Mind Inference Engine Stable Diffusion (MindIE SD) aims to build Ascend affinity multimodal acceleration suites and work with industry model suites (such as Diffusers) to improve the efficiency of multimodal inference on Ascend. It focuses on providing key operators and fused operators for multimodal generation. By combining strategies such as Ascend-affinity quantization/sparsity algorithms, memory-centric computing, and multi-card parallelism, it enables rapid migration and Ascend-based acceleration for Diffusers models. Future capabilities will expand further to accelerate scenarios such as multimodal understanding and omni-modality.

The modules of MindIE SD feature an independent and decoupled design, allowing them to be used individually or combined. Similar acceleration methods, such as Cache-dit and xDiT, already exist within the industry. Because their effects are similar to those of the cache and parallelism modules, solution selection trade-offs are involved. However, other components in MindIE SD can still be used individually or combined with these external methods, though all components rely on monkey patching.

Based on the PyTorch framework, MindIE SD provides Ascend acceleration capabilities to external users.
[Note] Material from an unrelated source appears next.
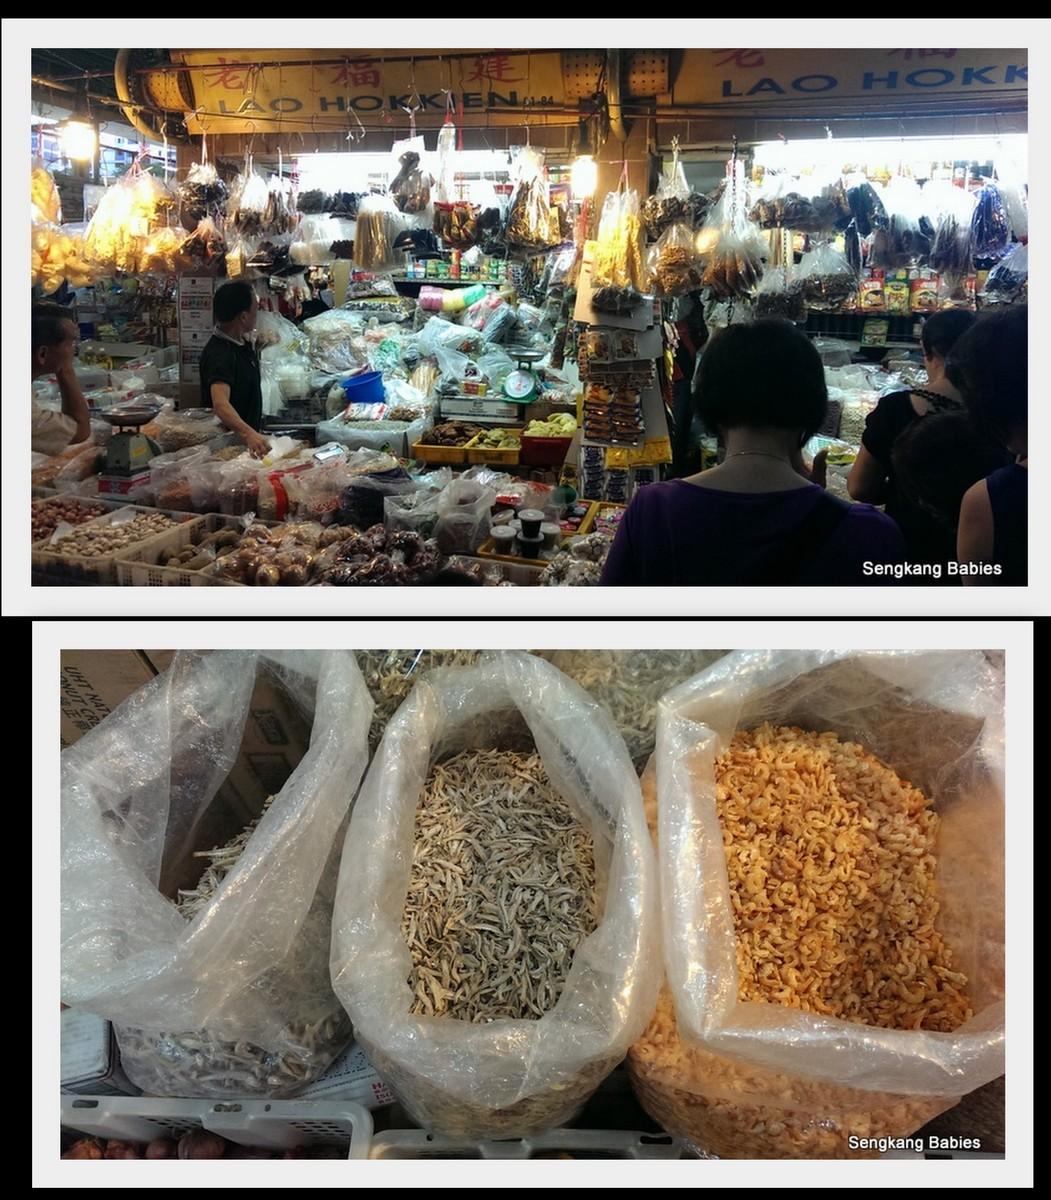 SengkangBabies wet market

These acceleration capabilities can be used independently and comprise modules such as cache, parallelism, quantization, layer, and kernel. The relevant APIs comply with the Diffusers API definitions. For details about Diffusers models that achieve Ascend acceleration based on MindIE SD, visit Modelers and ModelZoo. In addition, simple plug-in reconstruction based on Diffusers is supported. Figure 1 shows the architecture, and Table 1 describes the modules.

Figure 1 Architecture for vision generation and inference
Table 1 Main functional modules

Functional Module

Description

Basic modules

Layer module

Provides basic external acceleration APIs (including layers of features such as attn, moe, and quant). It is the basis of advanced features and can be used independently.

Kernel module

It provides high-performance Ascend kernels for multimodal generation and supports operator integration via programming models such as AscendC and Triton.

Compilation module

Based on the FX graph capabilities, fusion passes are applied once compilation is enabled, achieving automatic Ascend-affinity acceleration.

Advanced modules

Quantization module

Supports automatic enabling of the quantization capability.

Cache module

Implements memory-centric computing capabilities to deliver hardware acceleration.

Parallelism module

It provides multi-device parallel distributed acceleration capabilities, which are implemented in coordination with the layer module and PyTorch.